Problem details -> In the material below, the lines between the one holding "Temprano Chardonnay" and the one holding "Hana Small Leather", inclusive, are to be set down word for word. Pictures stay out.

Data for the task ->
* * * * *

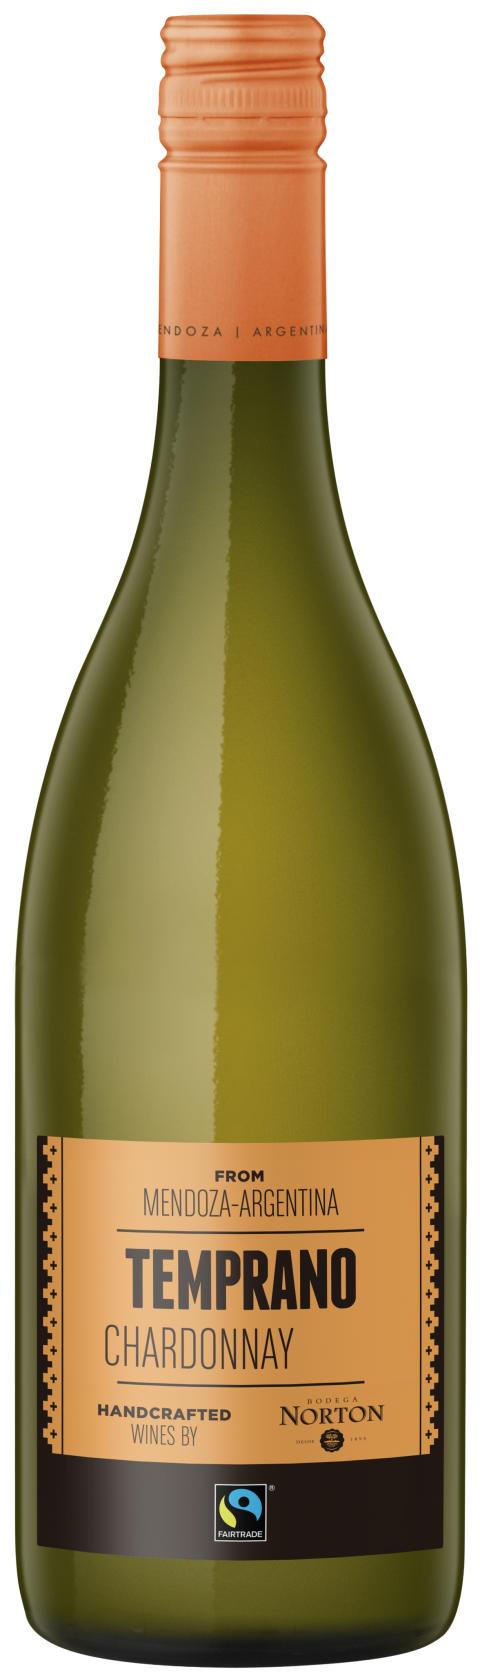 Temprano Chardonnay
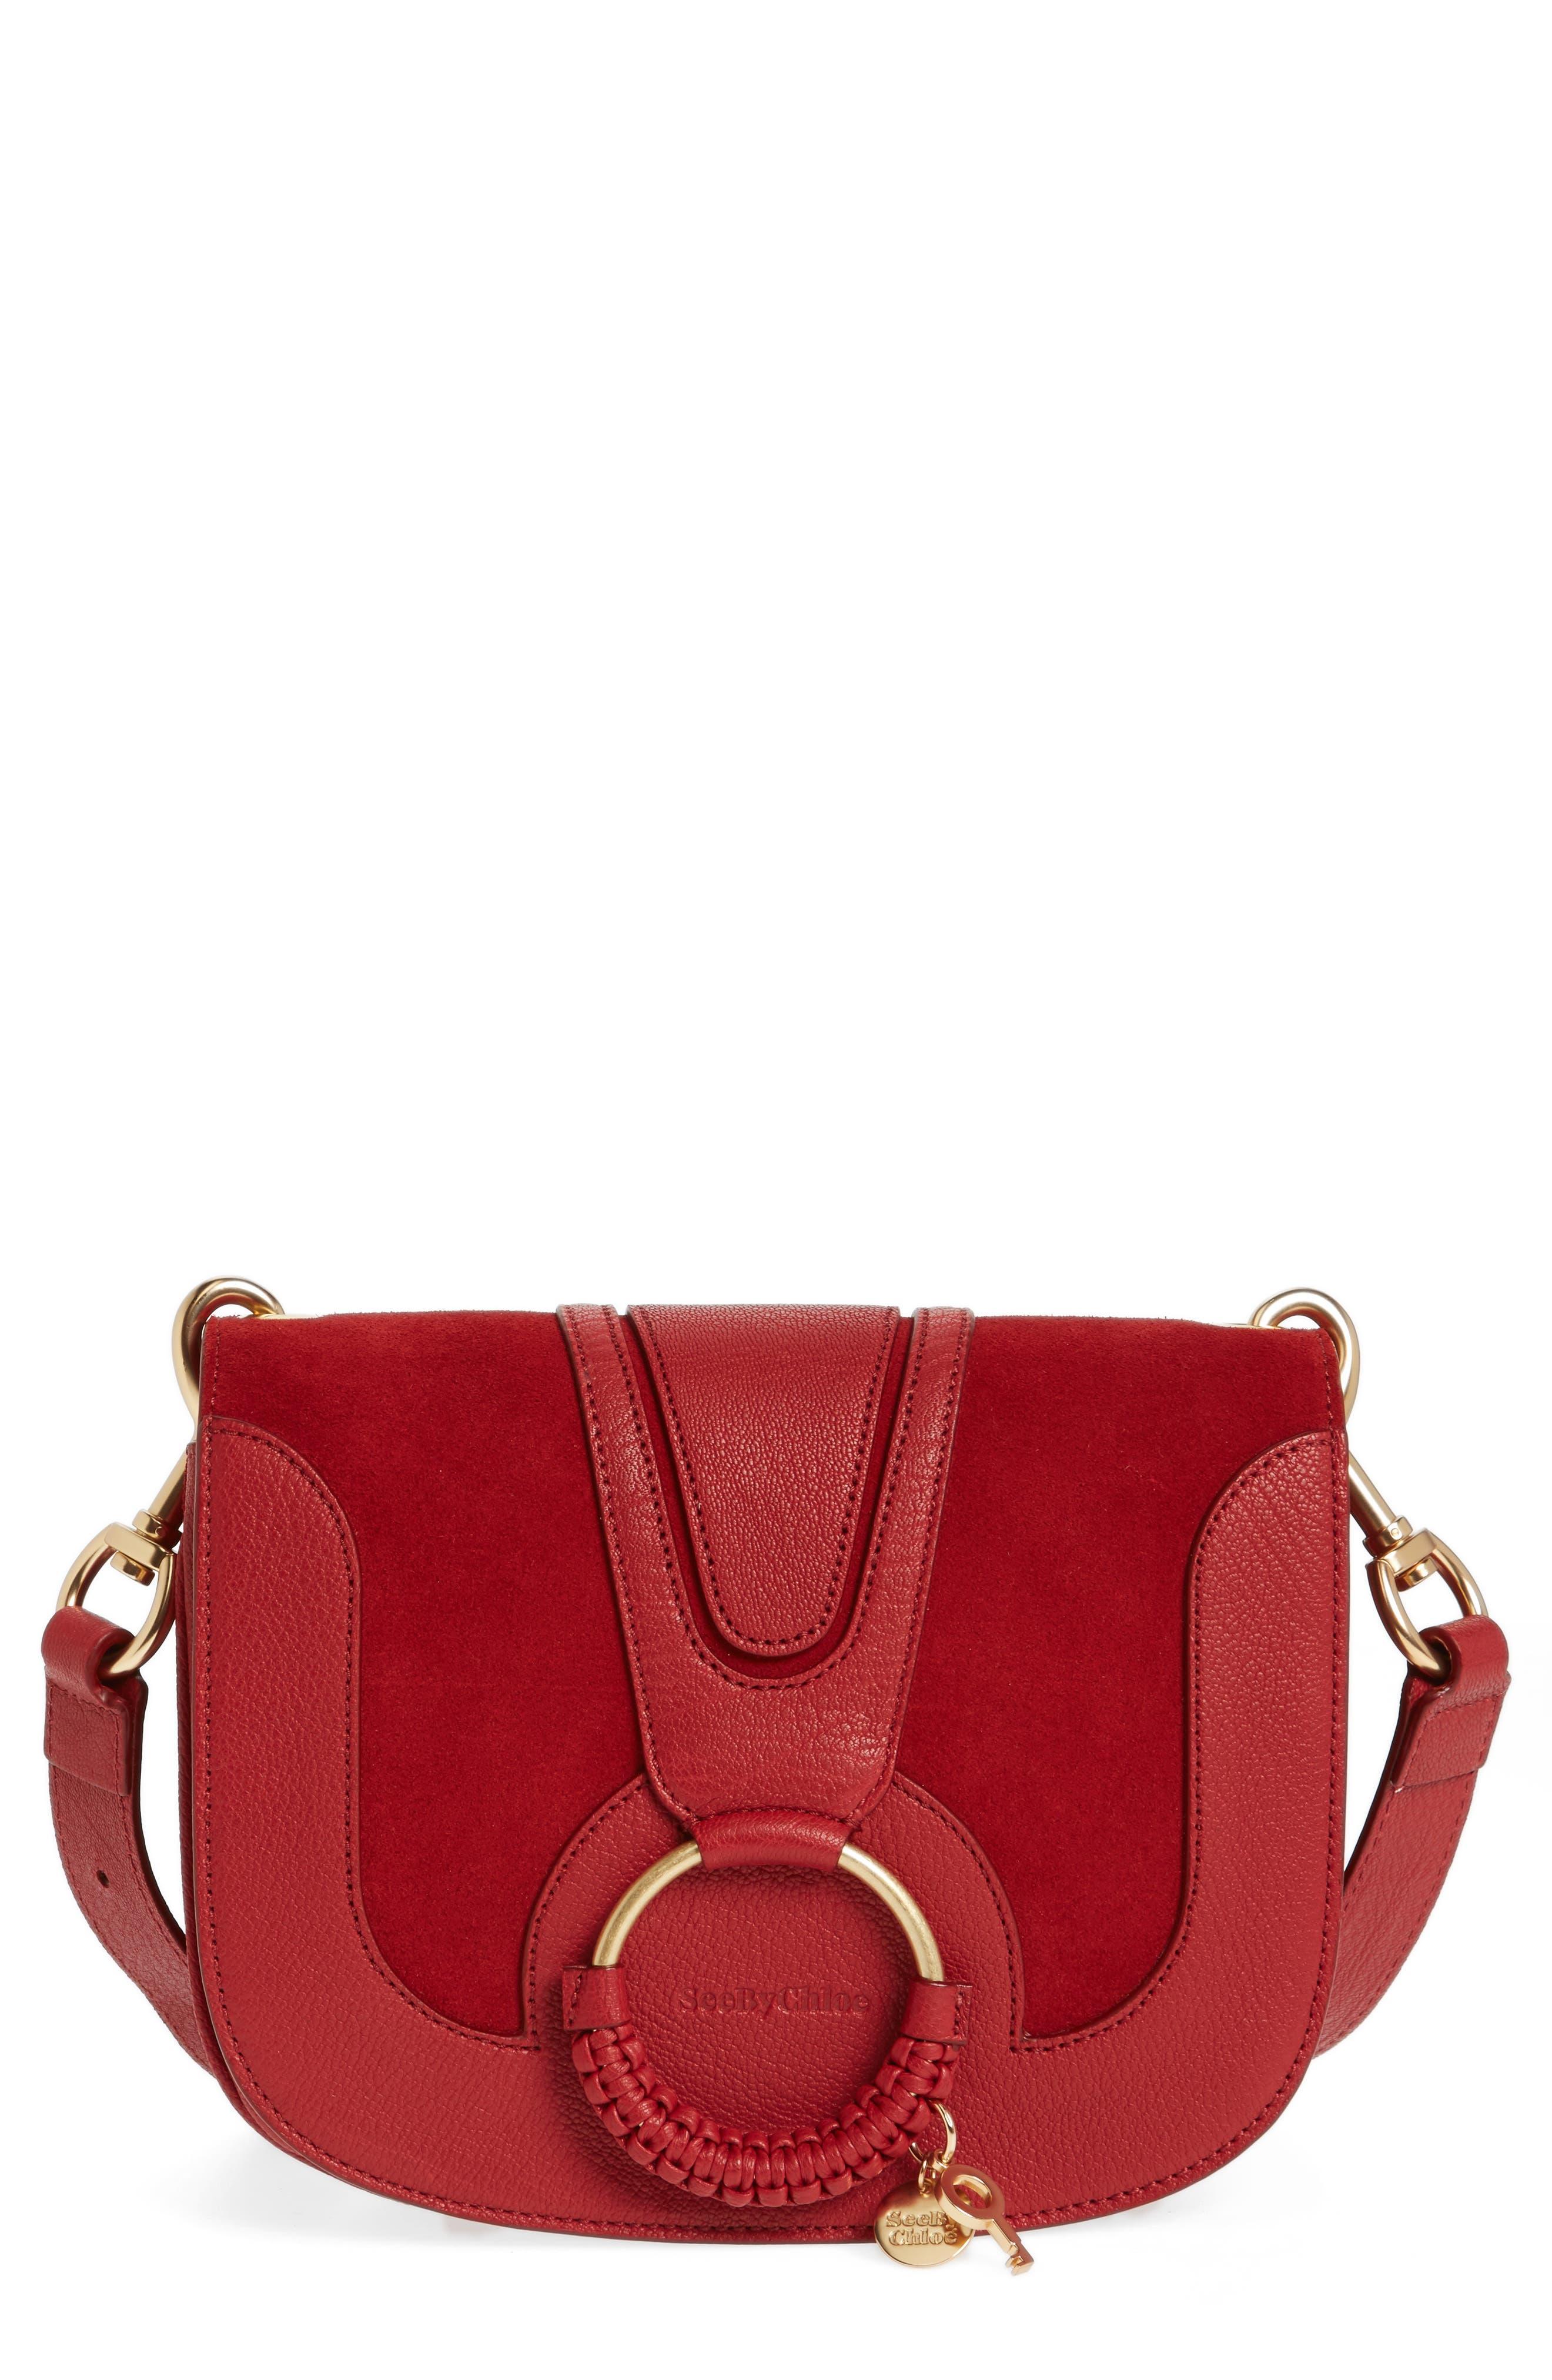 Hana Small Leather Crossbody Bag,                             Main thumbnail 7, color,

* * * * *

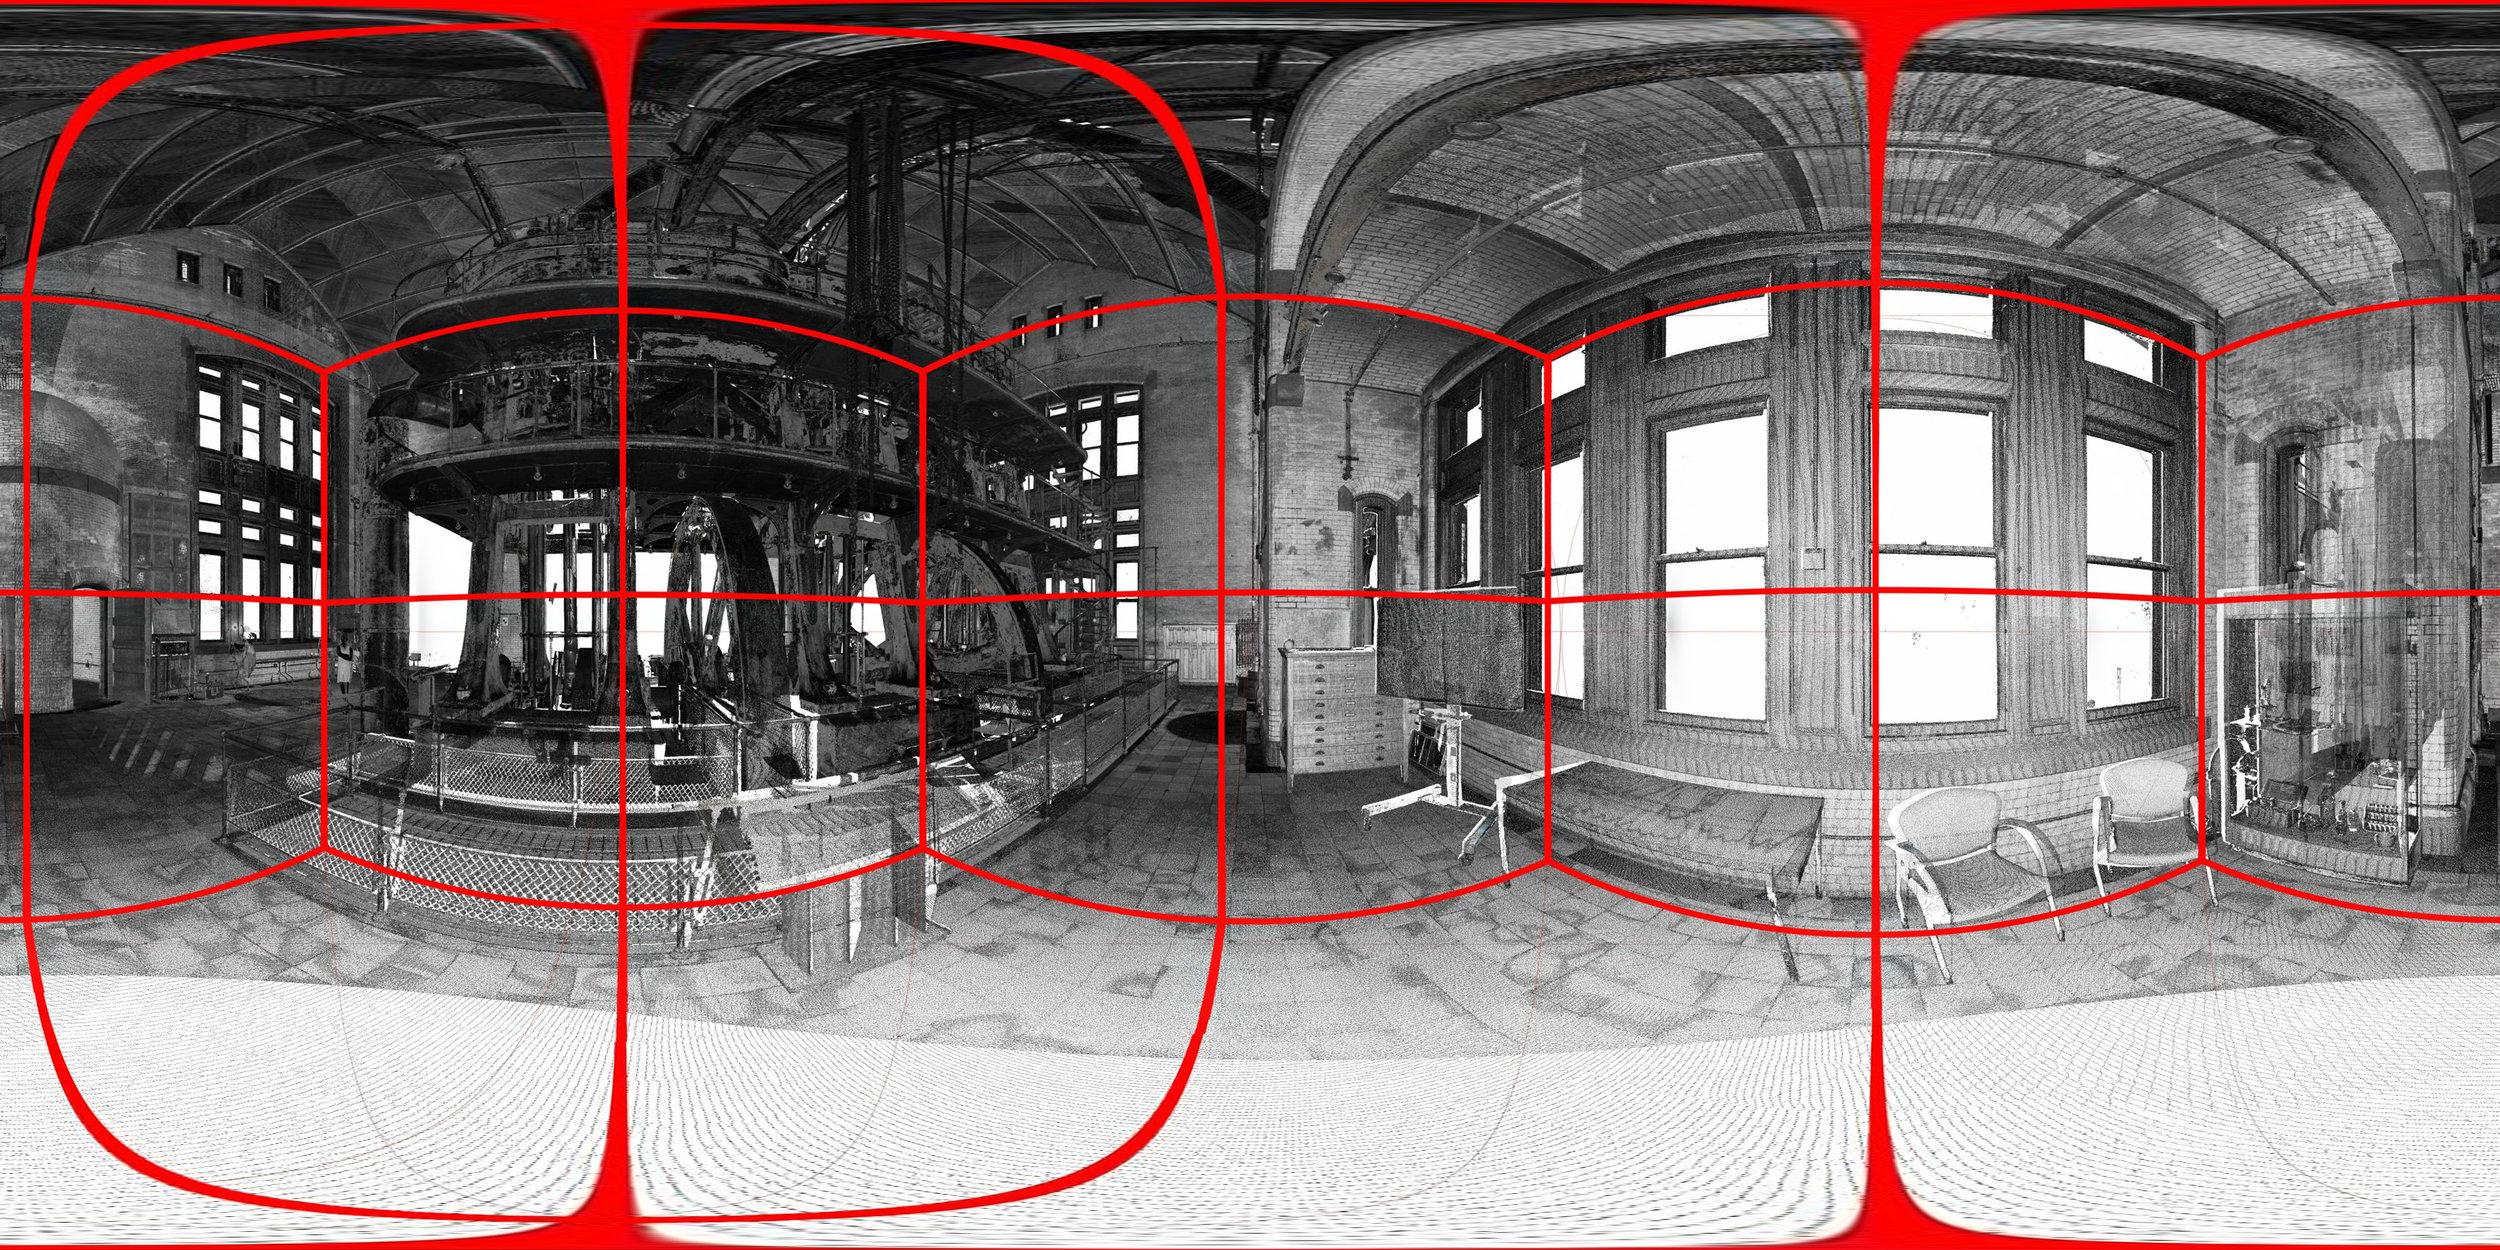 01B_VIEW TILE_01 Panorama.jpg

* * * * *

Exercise solution ->
 Temprano Chardonnay
 Hana Small Leather Crossbody Bag,                             Main thumbnail 7, color,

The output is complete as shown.